# Hi I'm New



## TranCE_Productions_Inc (Jul 12, 2007)

I'm from Southern Cali. You guys can call me Pete to make it easy. A guy from eBay refered me to this forum site. I purchased a couple of mantids from him. I am here to learn from all the pros &amp; have nice chats with you &amp; perhaps do a little biz. =] I offer decals and can provide you with Mantid design decals! I will sell or trade my services &amp; willing to trade my service for some Orchid Mantids. Hope you see you around. Take care!


----------



## Asa (Jul 12, 2007)

Yo, welcome to the forum. 8)


----------



## robo mantis (Jul 12, 2007)

Welcome


----------



## Butterfly (Jul 12, 2007)

Welcome to the forum.

Im in Cali too, San Fernando Valley / LA area to be a bit more precise.

You'll get all the info you need and more here, lol.
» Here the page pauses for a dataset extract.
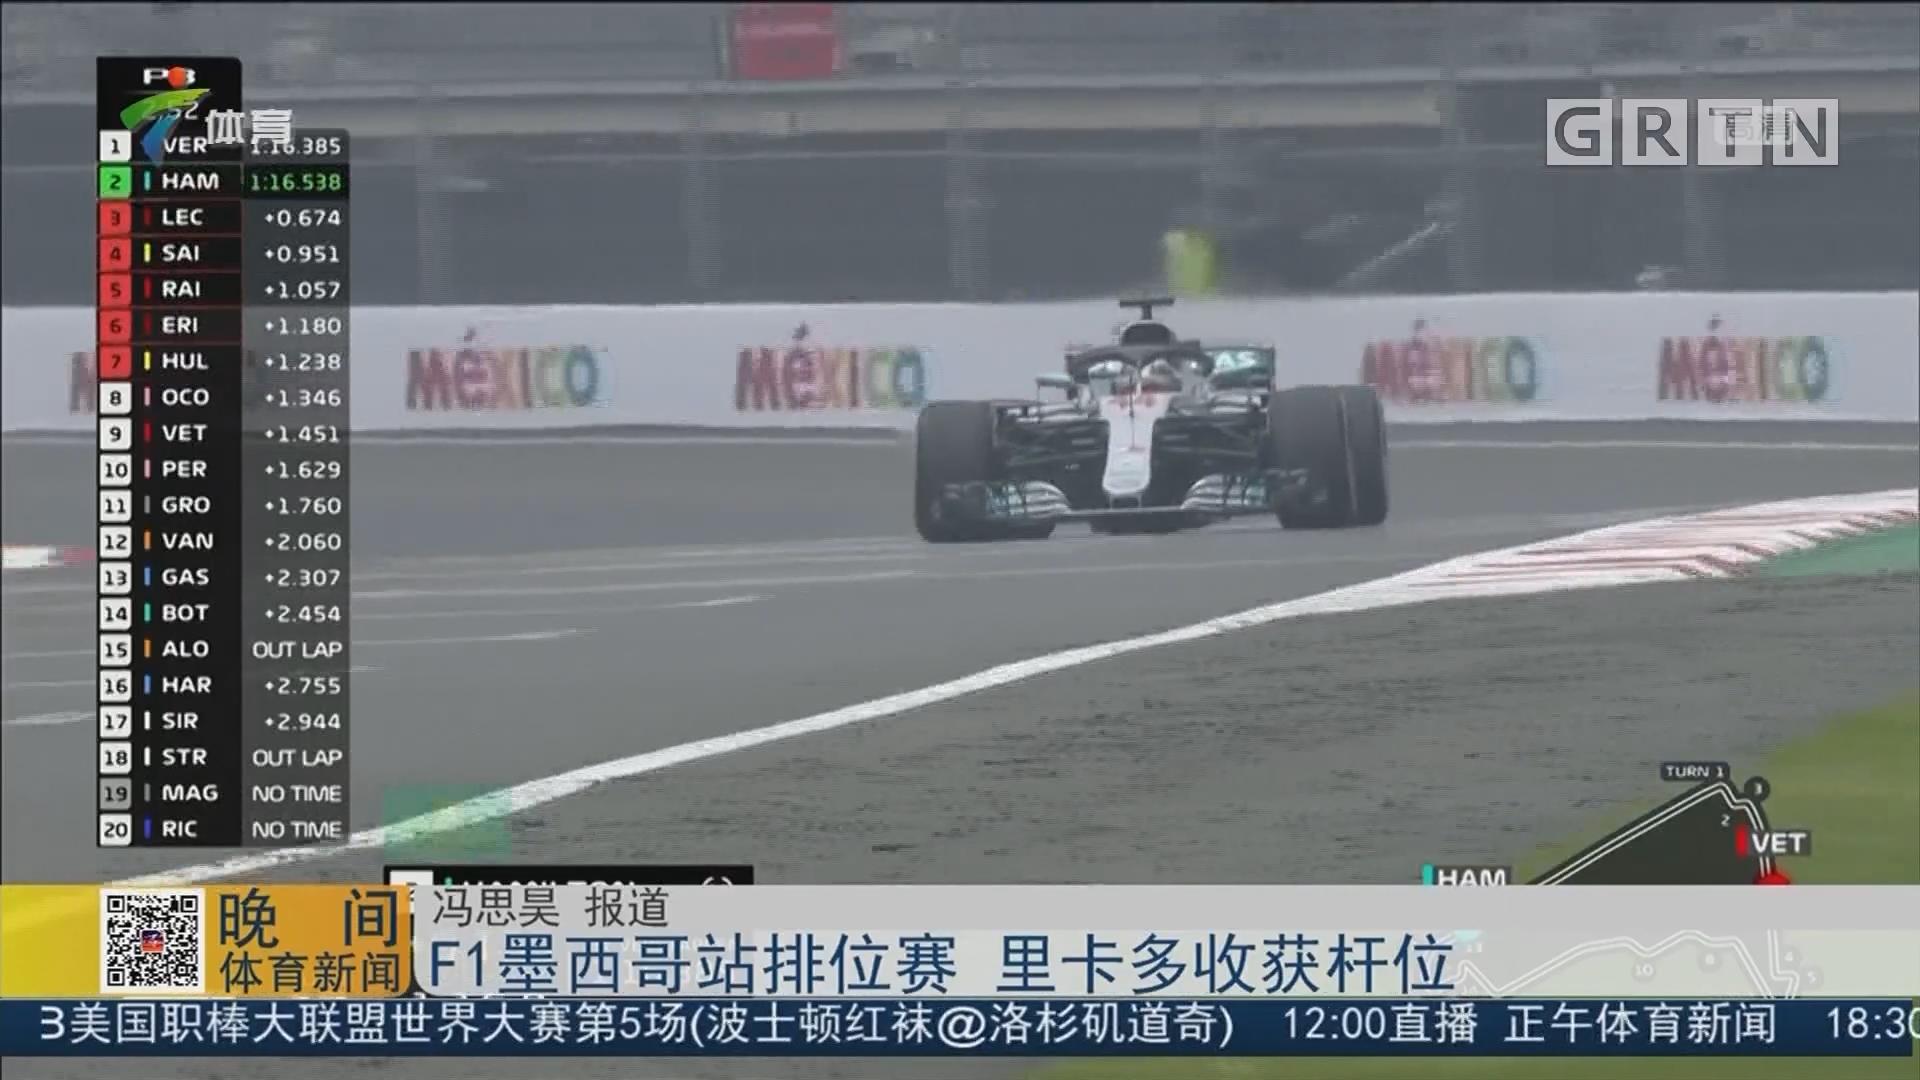 F1墨西哥站排位赛 里卡多收获杆位

If you need a few more mantids there are quiote a few of us in CA in here so just look around and send a message.


----------



## OGIGA (Jul 12, 2007)

Welcome! You'll enjoy yourself here.


----------



## hibiscusmile (Jul 12, 2007)

Welcome California!


----------



## Rick (Jul 13, 2007)

Welcome. Use the search feature for your basic questions. Make sure to put posts in the proper forum.


----------